M様からかなり古い曲木椅子の座面に張ってある籐シート材の張替に関してお問い合わせがありました。ここ最近、籐シート張替依頼が多くなっているように思います。参考になれば幸いです。
M様からお問合せ
はじめまして。 古い椅子なのですが、予算にかなえば修理して使用したいと考えています。 修理を要するのは、背の曲木の外れも含みますかが、これは当方でも可能かとも思います。 お見積もり頂かますか?
座面サイズは、ヨコ37cm、 タテ38cm。 ただ藤シートそのものはその内側9ミリ位 になります。
安田屋家具店からのご返信
座面シートが天然籐材の手編み仕上げの椅子は現在全く生産されていない貴重な椅子です。曲木で籐シート座面の椅子は軽くで丈夫です。しかし20年ほど前から籐材の品質が落ちてしまい、籐シート材の耐久性が低くなったために座面が籐シート張りの椅子の生産はされなくなりました。生産してもすぐに破れてクレーム対象となるからです。
そのため最近はほとんど見かけません。
写真を確認すると現在の座面シートは「手編み仕上げ」です。強度が一番高い編み方です。
現在と同じ手編み仕上げでの張替もできます。
また金額的に手編みよりも安価にできる仕上げ方法もあります。
現在と同じ「手編み仕上げ」で張替えた場合、1脚税込74,000円となります。カゴ目のサイズは現在と同じ穴の大きさで「五分カゴメ編み」となります。無着色・無塗装の生地仕上げです。
現在の座面も元々は無着色・無塗装の生地仕上げでしたが、年数の経過でアメ色に変化した色となっています。
次に手編み仕上げが高価な場合に、張替費用を安価にする方法をお知らせします。一般的な椅子座面の籐シート張り仕上げに使われる「溝決め込み仕上げ」方式に変更して張替する方法です。
これは椅子座面の木部渕周りに現在は手編み仕上げのための籐材を1本1本差し込むための穴が点々と開いています。
この穴の部分に溝を彫ります。
椅子座面全体に五分カゴメ編み籐シート材を乗せた後、籐材の丸芯材を籐シートの上に乗せて、座面木部渕周りに開けた溝に籐シートと一緒に叩き込んで入れます。この時に接着剤を入れますので外れることはありません。
この「溝決め込み仕上げ」方法に加工変更して張替える場合、1脚税込23,000円です。
溝決め込み仕上げに改良した後は、何度でも同じ仕上げ方で張替えることができます。尚、手編み仕上げの強度を100とすると、溝決め込み仕上げの強度は50となります。

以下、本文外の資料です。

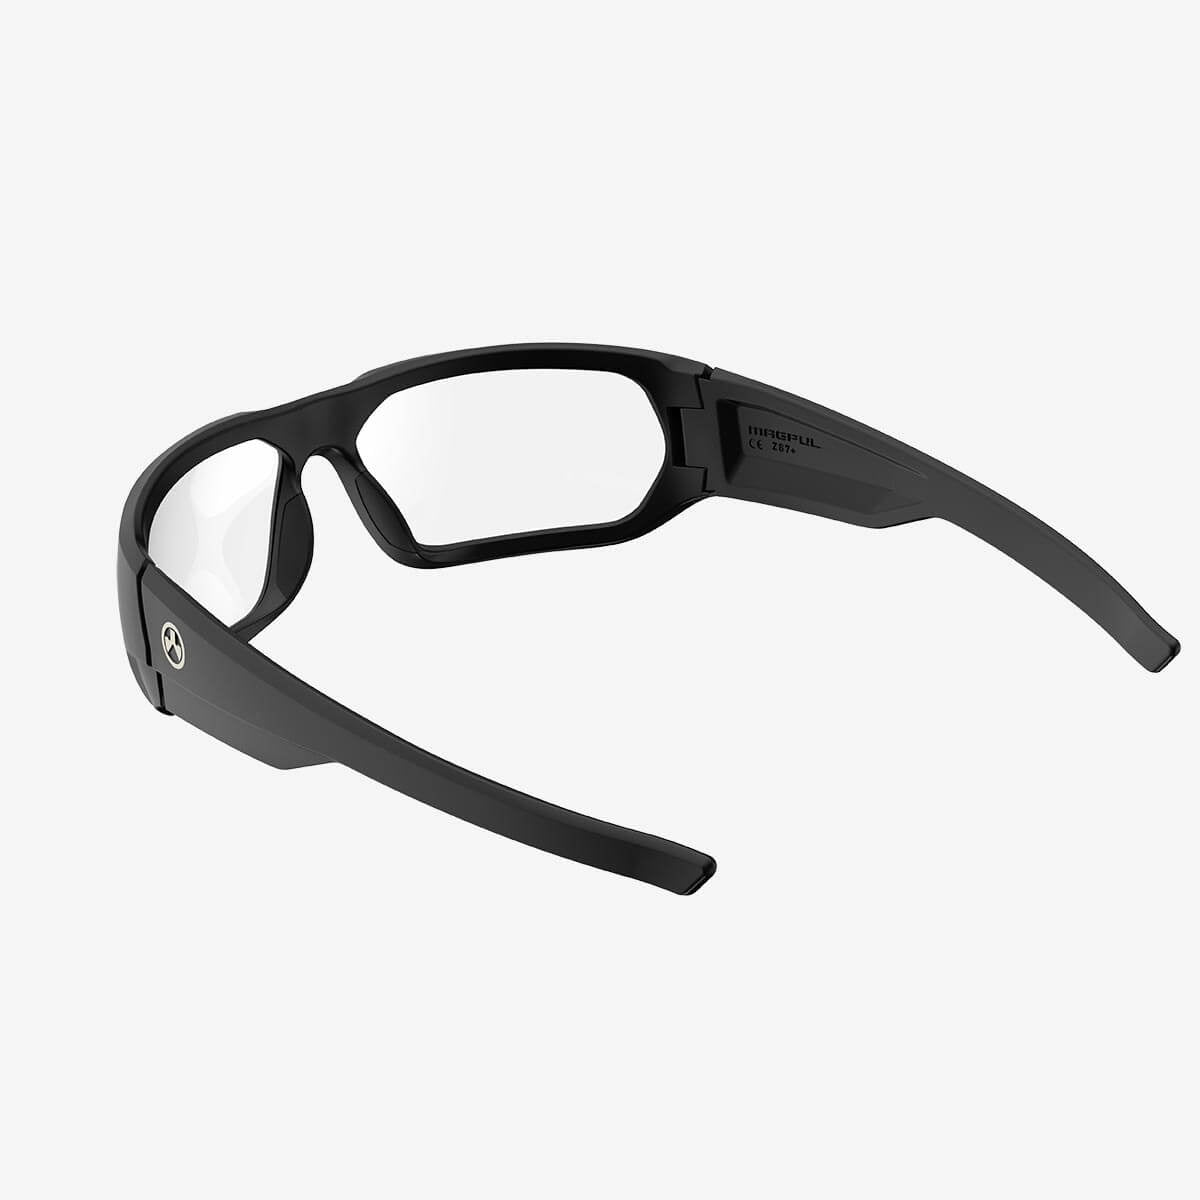 Magpul - Radius Eyewear - Black Frame, Clear Lens
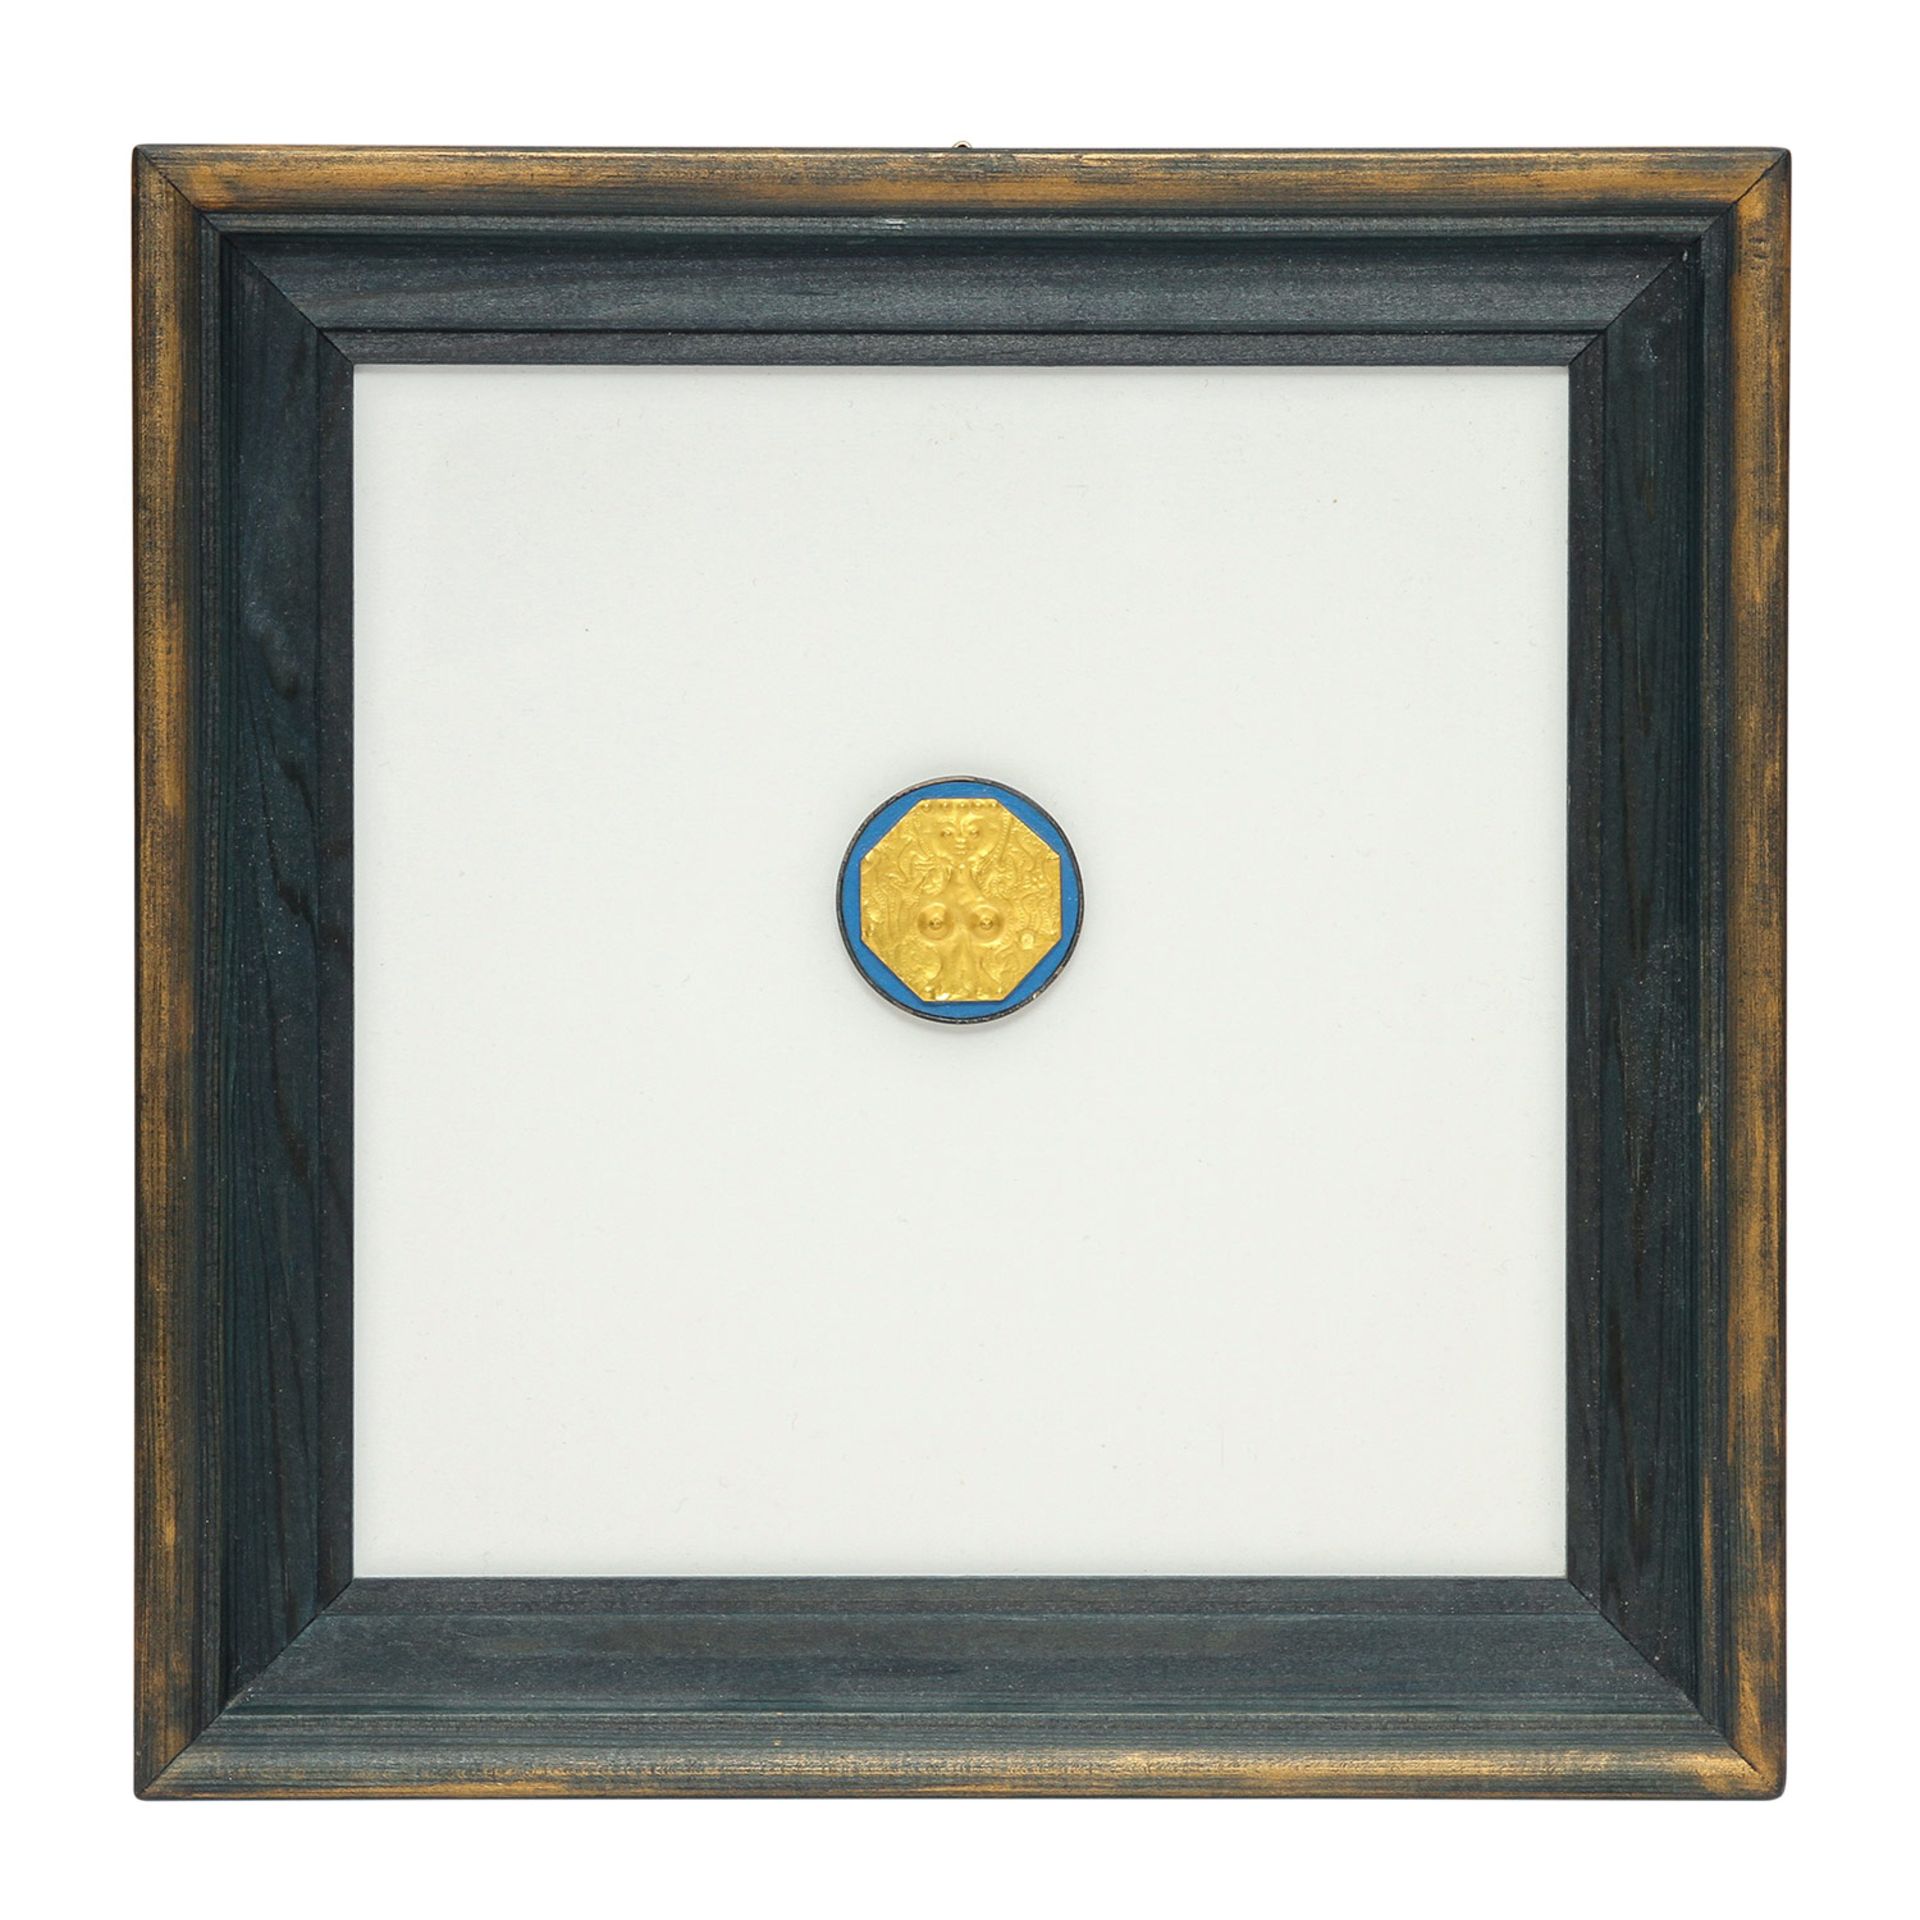 Goldminiatur "Fee" (1980) von E. BURGEL,Gold 900, Silber, getrieben + ziseliert, auf Acryl, mit

強度を増すためには、座面裏側に籐皮を撚った籐バンドで「十文字補強」または「井桁補強」を入れる事をお勧めします。
十文字補強
井桁補強
「十文字補強」の場合は強度が50増しますので、溝決め込み仕上げ50+十文字補強50=100となり、現在の手編み仕上げと同じ強度となります。
今回の椅子は座面サイズが大きくないので「井桁補強」は必要ないと考えます。強度を増すのであれば「十文字補強」で十分
です。「十文字補強」は別途費用が必要となります。
1脚税込5,000円が追加で必要となります。
したがいまして合計金額は23,000円+5,000円の合計28,000円となります。
尚、次回張替時は溝加工や十文字補強費用は必要ありませんので、1脚税込15,000円前後で張替ができます。初回のみ補強仕上げ費用が掛かります。
曲げ椅子で座面が籐シート材はとっても軽い椅子です。しかし籐材の品質が悪化したため、現在では座面籐シート材の椅子はまったく作られていません。そのためとっても貴重な椅子です。ぜひ張替をご検討ください。